DETAILED DESCRIPTION OF THE INVENTION (Industrial Application Field) The present invention relates to a fuel supply control device for an internal combustion engine, and in particular, it controls the amount of fuel supplied after starting the engine in an appropriate manner according to the atomization characteristics of the fuel used. The present invention relates to a control device for controlling.

(Prior Art) Conventionally, in order to prevent engine stall after starting the engine and to accelerate the acceleration immediately after starting the engine,
After starting the internal combustion engine, an initial increase value for the amount of fuel supplied to the engine is set according to the engine temperature, and the initial increase m
A fuel supply control method after starting an internal combustion engine is known in which the value is gradually decreased by a predetermined degree (for example, Japanese Patent Laid-Open No. 60-2
37131 and JP-A-61-28730)
.

(Problems to be Solved by the Invention) However, the above-mentioned conventional technology has problems such as a decrease in engine speed after starting when fuel with low atomization characteristics is used.

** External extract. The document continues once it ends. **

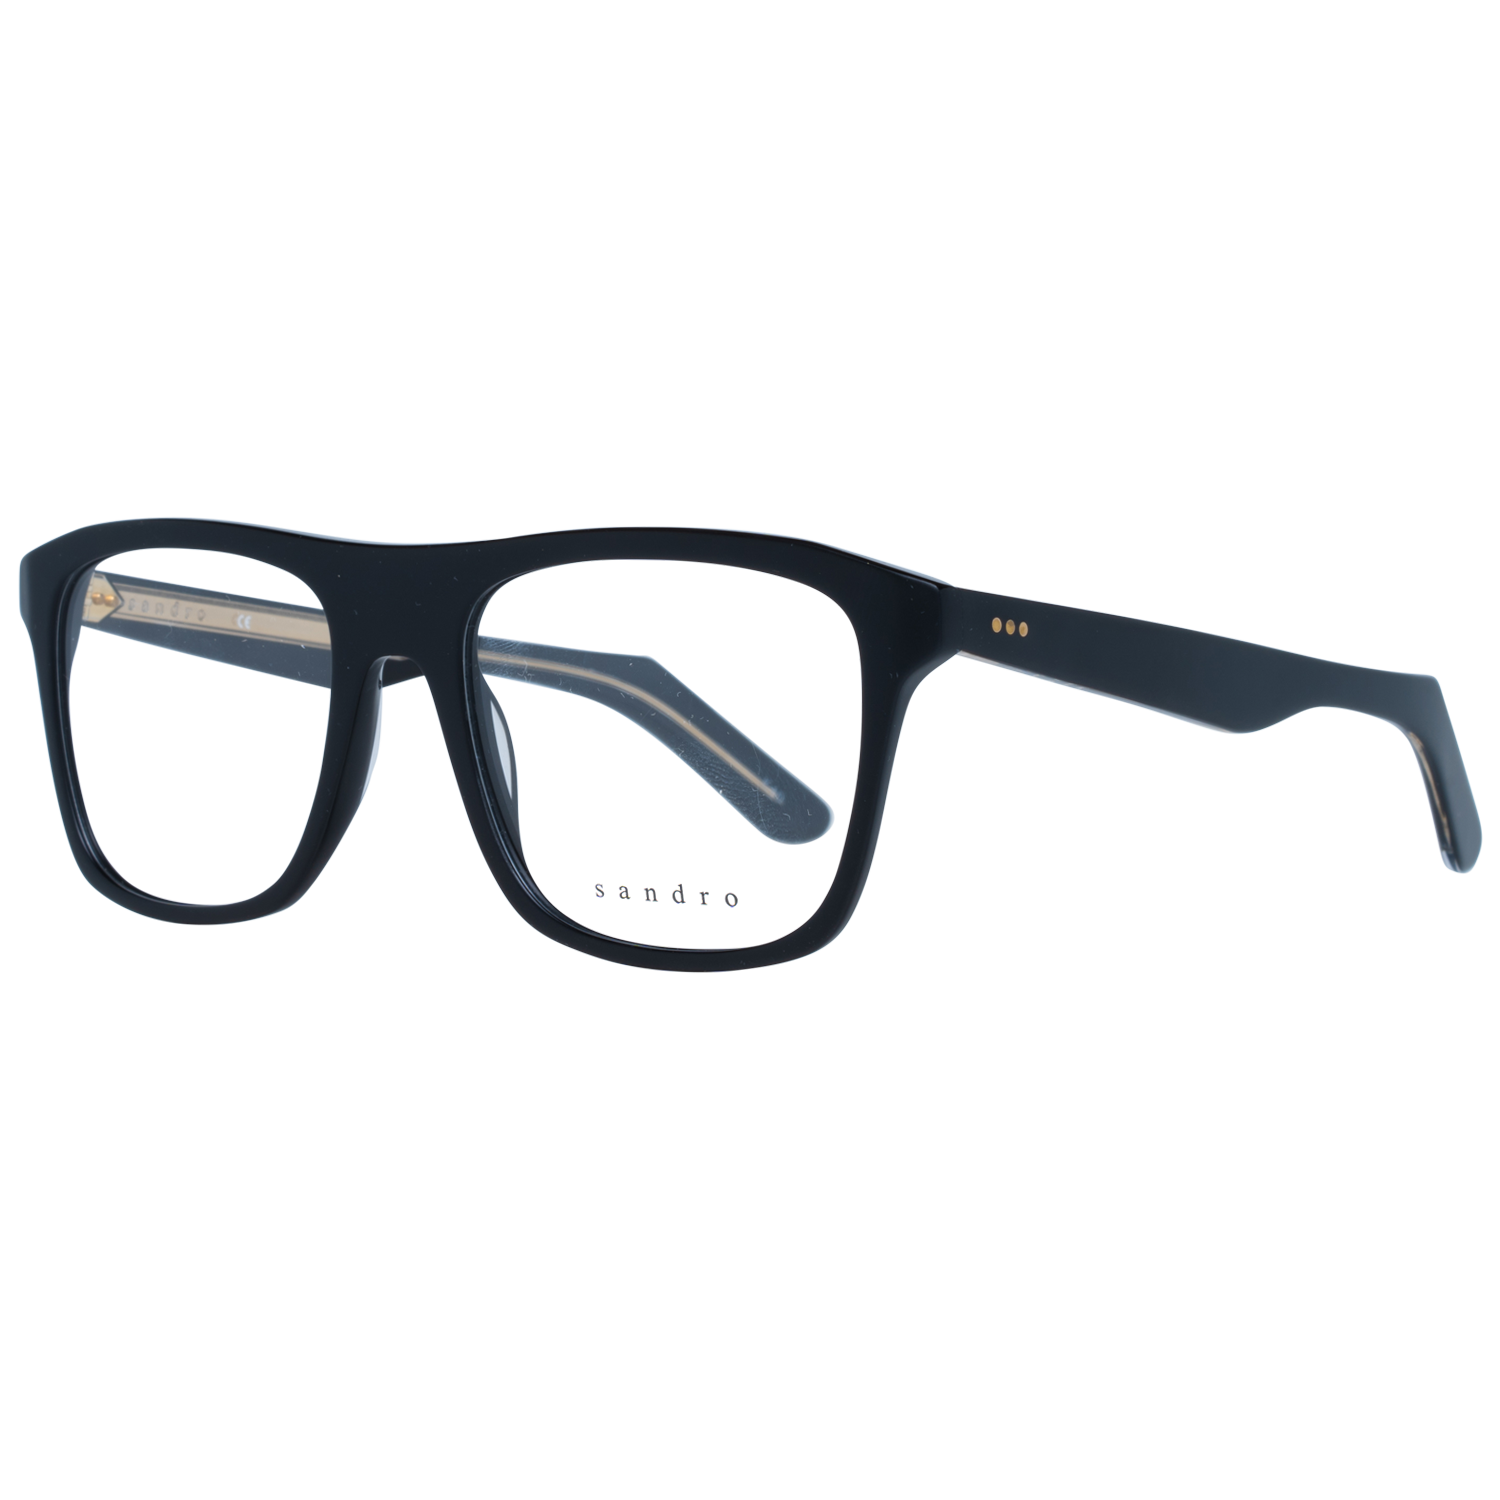 Sandro Frames Sandro Optical Frame SD1003 001 52 Eyeglasses Eyewear UK USA Australia

In other words, the reason why the amount of fuel is increased after starting in the conventional technology described above is because the temperature of the intake pipe wall is lower than the temperature inside the combustion chamber immediately after starting, and therefore, the amount of fuel that lands on the intake pipe wall is large. , since the degree of atomization of the fuel t1 is low, this is to compensate for the substantially leaner supply air-fuel ratio accompanying this and obtain good combustion.

On the other hand, for the purpose of preventing air pollution caused by vaporized fuel being released into the atmosphere, fuel with low atomization characteristics (hereinafter referred to as low atomization fuel may be done. When the low atomization fuel is used, the amount of fuel adhering to the intake pipe wall increases because the atomization characteristics are lower than that of normal fuel after the engine is started when the intake pipe wall temperature is low.

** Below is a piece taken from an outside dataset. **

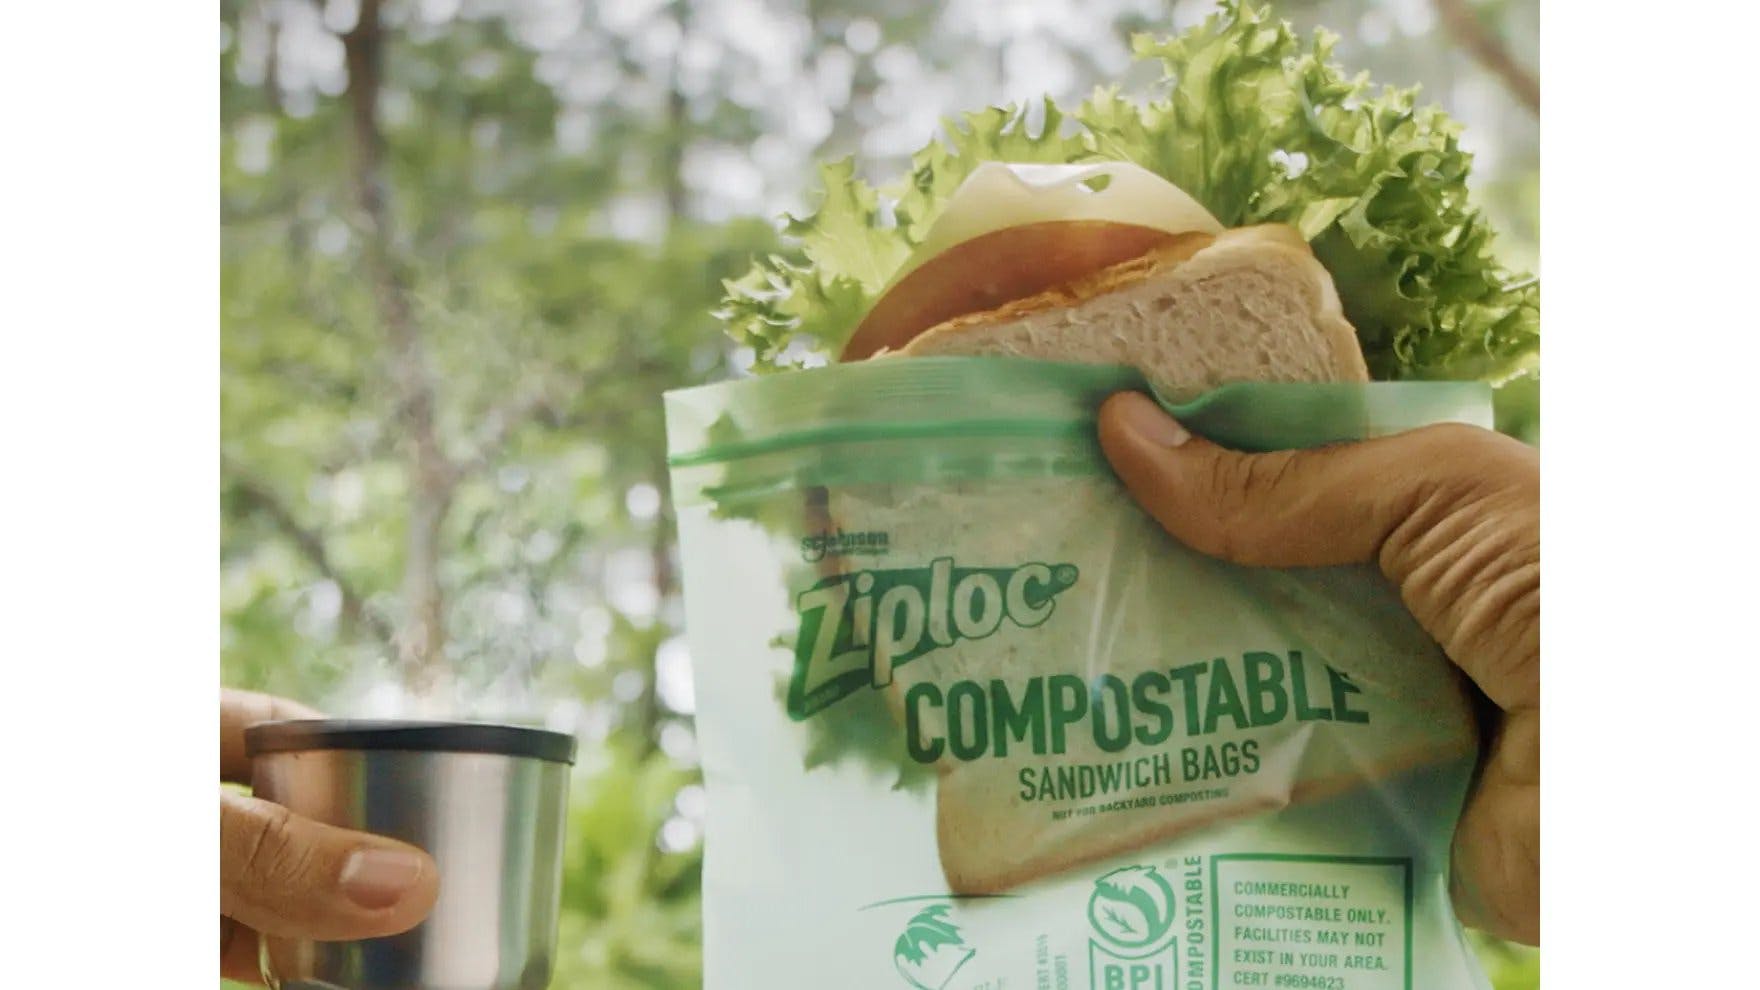 Man holding a sandwich inside a Ziploc® brand compostable sandwich

However, the conventional technology described above does not take into account the increase in the amount of adhering fuel due to such causes, and is therefore unable to deal with this problem. When the number decreases and the degree of decrease is high, it will lead to engine stall.

The present invention has been made in order to solve the problems of the prior art described in section 2, and when low atomization fuel is used in the warm season, the engine after starting depending on the atomization characteristics of the fuel. It is an object of the present invention to provide a fuel supply control device for an internal combustion engine that can appropriately prevent a decrease in rotational speed and an engine stall caused by this, and thereby can obtain good starting characteristics.

(Means for Solving the Fi Problem) In order to achieve the above object, the present invention provides an increase -1111'! that gradually decreases after starting an internal combustion engine over a predetermined period of time after the start or a predetermined number of engine revolutions. A fuel supply control device for an internal combustion engine that supplies an increased amount of fuel to the engine includes an atmospheric temperature detector that detects atmospheric temperature; and an increase correction means for increasing the increase value.

Further, in the above configuration, the 01j increase-1it correction means is set to 11 when the atmospheric temperature is 1 unit higher than the predetermined value. When the value is less than the second predetermined value, the value is incremented by 1 at the time of 01i.

Furthermore, in the second groove formation, instead of the increasing r1hn positive means, when the atmospheric temperature detected by the atmospheric temperature detector is equal to or more than a predetermined 1/(, the predetermined period is extended or 01
(j) increasing period extension means for increasing the predetermined number of engine rotations;

(Example) Hereinafter, one embodiment of the present invention will be described with reference to the drawings.

FIG. 1 is a block diagram schematically showing the entirety of a fuel supply control device for an internal combustion engine according to an embodiment of the present invention. Reference numeral 1 indicates, for example, a four-cylinder internal combustion engine, and the engine 1 has an open end and an open end. Intake pipe 3 and exhaust W with air cleaner 2 attached to
4 are connected. A throttle valve 5 is disposed in the middle of the intake air W3, and an air passage 8 that opens into the intake pipe 3 and communicates with the atmosphere is disposed downstream of the throttle valve 5. An air cleaner 7 is provided at the end 1-1 of the air passage 8 that is open to the atmosphere, and an auxiliary air amount control valve r6 is disposed in the middle of the air passage 8.This auxiliary air amount control valve (hereinafter referred to as The control valve 6 (referred to as control valve J) is a normally closed electromagnetic valve, and is composed of, for example, a near solenoid 6a and a valve 6b that opens an air passage 8 when the solenoid 6a is energized. 6a is electrically connected to the electronic control unit 1 (hereinafter referred to as rEcUJ) 9, and by controlling the amount of current supplied by the ECU 9, the opening degree of the control valve 6, that is, the intake air amount, is continuously controlled. controlled.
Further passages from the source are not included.